Her: Complicated? Moi? Oh, OK. You’re just a simple guy… You seem a bit nervous. Don’t worry, I’m old enough to be your mother. Oh I see, that’s what’s worrying you.
Him: In the dark cinema’s low lighting I feel aware of my every movement and what signals I might be sending to my partner. But that’s what we are here to embrace, the small nuances we display as we lose ourselves in the movie – being so close to someone, the intimacy is already in place, but there are rules of etiquette we share without knowing.
Her: ‘Lean closer, move your leg towards your partner, offer your hand, turn and smile into their eyes…’ It’s hard to know if he’s getting the same instructions and ignoring them, or if I’ve been cast as the pushy one! Oh OK, so now he’s putting his arm round me, slightly tentatively, but very sweetly.
Him: Brief Encounter (1945) is the movie there on the cinema screen, and the etiquette of the 1940s era encompasses the space. I sit there feeling as if I have been placed into Trevor Howard’s shoes. Was my partner feeling a little like Celia Johnson? I’m unsure but I hope so. In the modern world gently taking someone’s hand sat next to you might not mean much, but it becomes apparent that these things really do have resonance, not just in the piece but in our everyday encounters with friends and family and that’s what’s so lovely – the piece never attempts to be anything more than a gentle and brief encounter with the person sat next to you. It’s not in-yer-face or life-changing and the piece does have its faults: it’s clear the focus is on us and our relationship with the person we are sat next to, but the interaction with the performers (our ushers) could have been embellished more to warm up the 1940s aesthetic.

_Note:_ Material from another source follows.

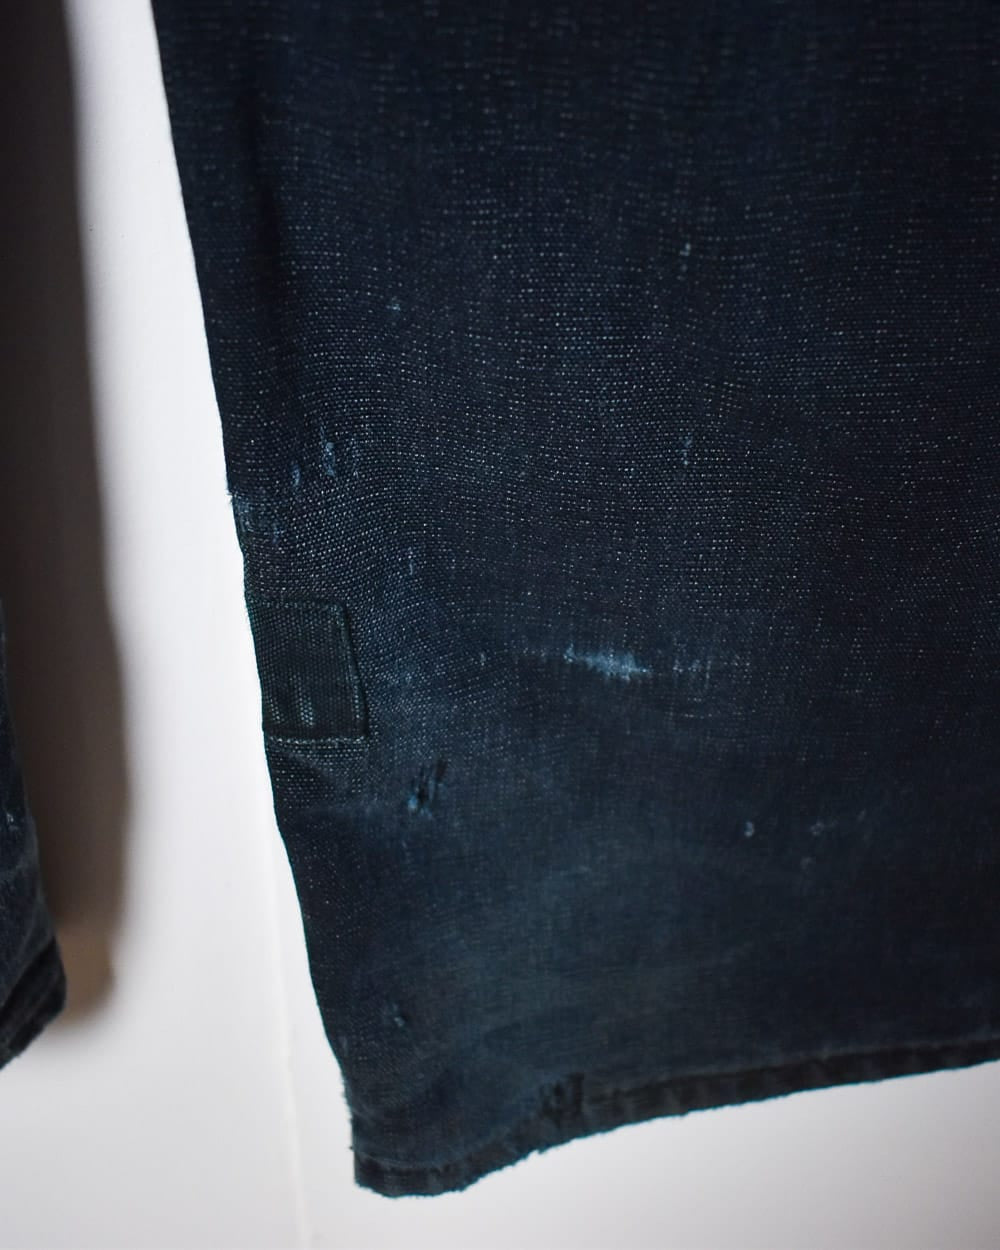 Black Carhartt Distressed Double Knee Carpenter Jeans - W34 L34

Her: It’s a lovely set-up, but it feels like a slight piece. I’m not sure quite else what they could have done – I don’t think they could or should have pushed the personal physical contact beyond what was proposed. But it felt lacking; as if there was somewhere it needed to go next and never got to. But Melanie Wilson’s text is, as ever, poetic and beautiful, and the red-plush setting and usherettes’ outfits a simple but beautiful design (visual/live artist Abigail Conway’s contribution, I presume). I also liked the inclusion of a classic cartoon (Steamboat Willy, perhaps?) as a warm-up, referencing the days when a trip to the cinema meant more than just the main feature!
Him: Most of all it was really nice to escape the frenzy of the festival and share a cosy moment with a friend over a box of salty popcorn.
Her: Well, I don’t really do the ‘stars’ or ‘marks out of ten’ thing, but yes, I’d be happy to see him again. Just as friends.